What, then, is being digitized? The answer is almost anything human and nature made. Digitizing machinery, be it scanners, cameras or other technical means, devour herbarium sheets, insect specimens, artwork, literature, sounds, photographs and films. Why? The philosophical answer “open knowledge itself is valuable” or even “this is a means of saving a heritage for the future generations” may not satisfy a utilitarian. One short, satisfying answer for a utilitarian would be that large masses of data increase reliability of analysis. A practical example could be that a biodiversity or a climate change researcher can now start to draw more accurate conclusions when she can access digitized, accurately georeferenced and highly concentrated insect and plant specimen data from numerous, previously poorly accessible natural museum collections. The truly relevant questions, when it comes to unraveling the global setup of digitization, are: who are the main players in this new art of digitization and is there an underlying network among them?

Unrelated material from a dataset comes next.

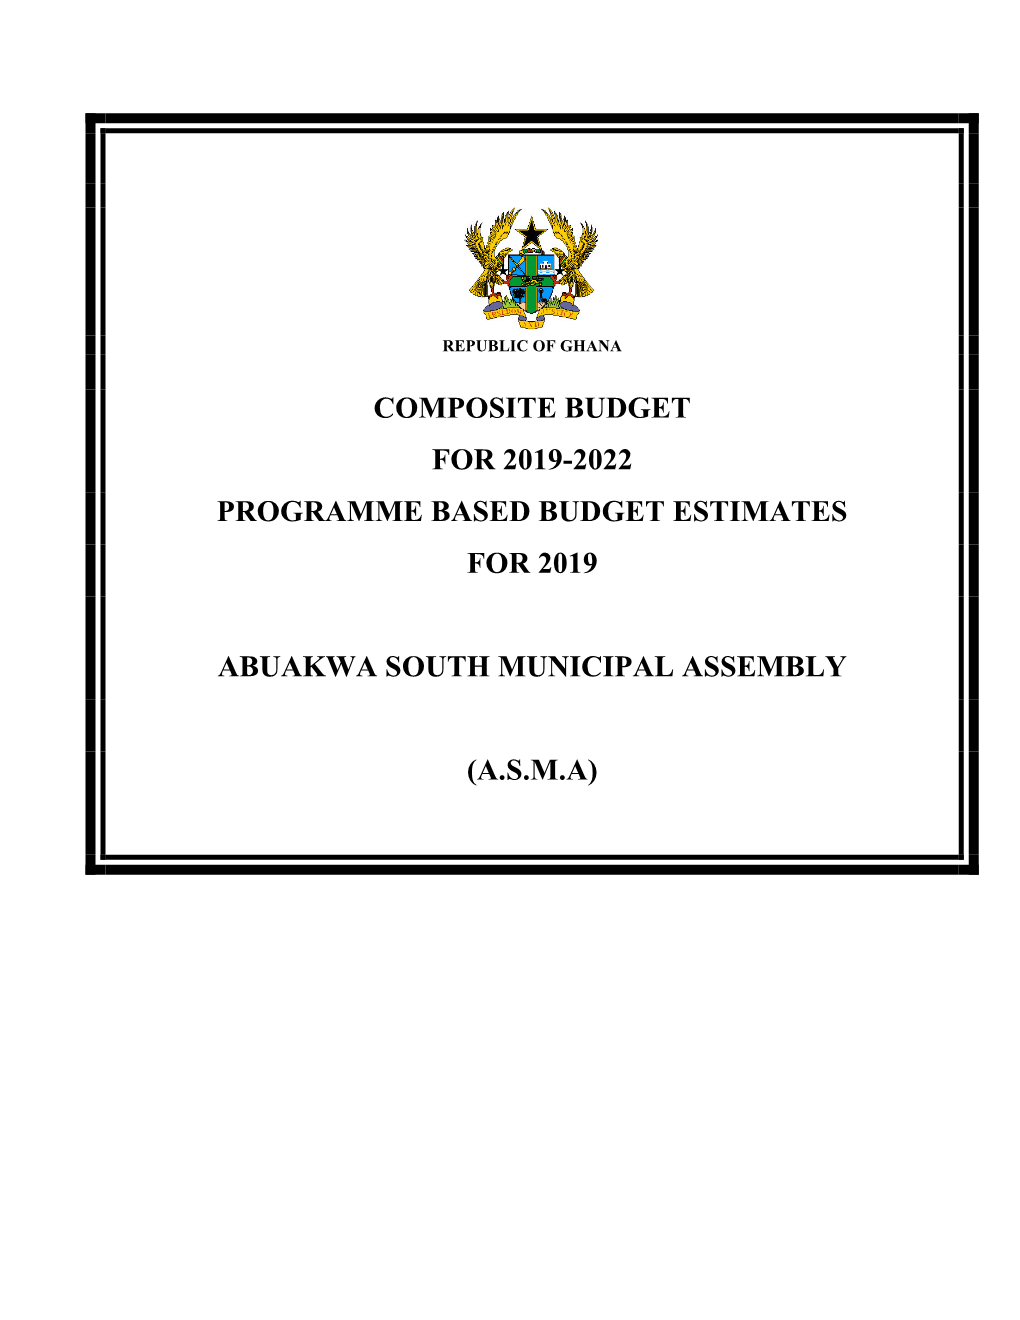 Composite Budget for 2019-2022 Programme Based Budget Estimates for 2019

First of all the organizations can be divided into two different groups: those who receive and collect digitized data and thus form large databases, and those who work on implementation. In this context implementation means development of standards and analysis methods for this digitized data, and development of interoperability. In this blog entry we will focus only on the collectors and distributors of digitized data. Moreover these collecting and distributing nodes could be further divided based on the nature of the digitized data. In this last grouping the separation is simply drawn between objects, which are human or nature made.

This global network is best explained by following a thread that starts at a local level. We could take us, Digitarium, as an example. Digitarium digitizes natural history collections, thus this sets Digitarium on the “made by nature” path, which is separate from the man-made artifact path. Digitized data from Digitarium without photographs is transferred to Global Biodiversity Information Facility (GBIF), which has its home base in Denmark. GBIF has also national nodes and thus there is an intermediary station, GBIF Finland, on the pathway. Besides accepting data, this intermediary Finnish station also collects nature observation data from Hatikka, BirdLife Finland and the Insect Database at the Finnish Museum of Natural History. This is how the system currently operates in the field of natural history data within Finland. This, however, will change. In the future the national launch pad on the way to any of the global databases will be the Finnish Biodiversity Information Centre.

GBIF has currently 56 countries and 47 international organizations as its members. This certainly makes it a major global player. It is significant, however, to notice that the GBIF members come primarily from the Western and thus the wealthy world. In the same breath it has to be acknowledged that GBIF has recently gained good footing in central Africa.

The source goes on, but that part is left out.